The highly acclaimed trilogy of Chinese science-fiction novels collectively known as “Three-Body,” in which Earth is threatened with invasion by technologically superior aliens, is generally understood to reflect historical Chinese anxieties about Western domination. Which makes it a little amusing that, 17 years after the story was first serialized, the books are about to get more attention than ever because of a big-budget American adaptation, due later this year on Netflix. Comments about appropriation and cultural sensitivity will start to pour in minutes after the episodes are posted.

In the meantime, little attention is being paid in the United States to an ambitious Chinese series, “Three-Body,” that has beaten Netflix’s “3 Body Problem” to the screen. No trade barriers or worries about state secrets here: The 30 episodes of “Three-Body” are premiering on Rakuten Viki in the United States, with subtitles in English (among many other languages), on the same day they appear in China, where they are reportedly setting viewing records for Tencent’s WeTV streaming service. Outside of the sci-fi fan base, however, they don’t appear to be causing a ripple in America. (The 21st episode arrived on Friday; early episodes can be watched free with ads.)
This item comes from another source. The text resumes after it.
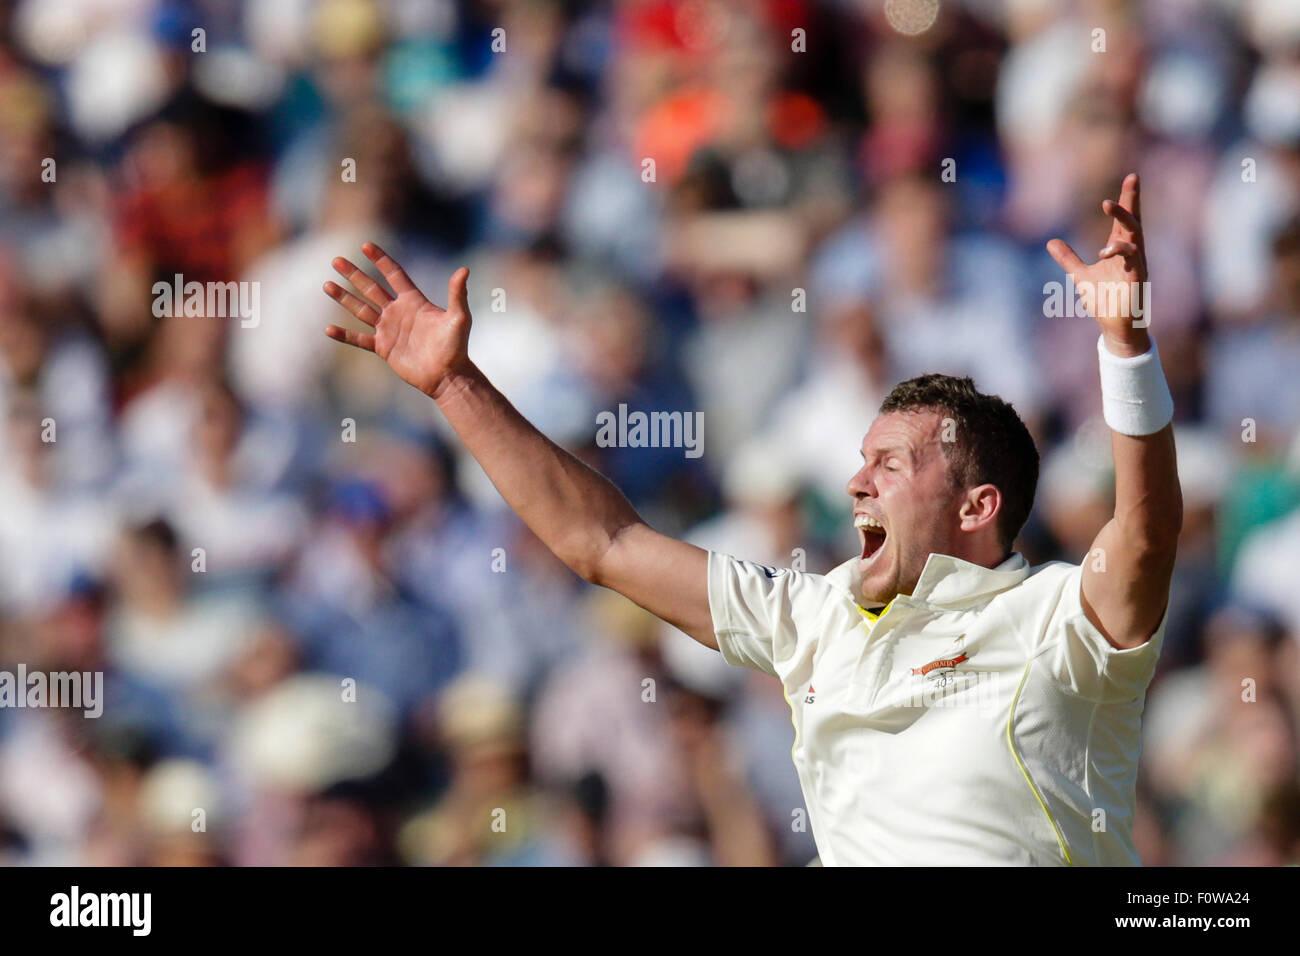 Londres, Royaume-Uni. Août 21, 2015. Investec Cendres 5ème Test, jour 2. L'Angleterre contre l'Australie. Photo Stock

The books’ author, Liu Cixin, has endorsed the Netflix series (he’s a consulting producer), though the show’s largely non-Chinese cast indicates that it tinkers significantly with his story. He doesn’t appear to have been involved with the Chinese series, but one of its hallmarks — the subject of many approving viewer comments on Rakuten Viki — is its faithfulness, in broad outline, to the trilogy’s first novel, “The Three-Body Problem,” on which it is based.

A lot of Liu’s dialogue seems to have been moved straight from book to screen (though questions of translation, in both media, make it hard to be sure). Through 20 episodes, most of the major plot points arrive at about the same places they did in the book. For Liu’s hard-core fans, that may be all that matters. For a general audience, the show’s similarities to the book may be more problematic.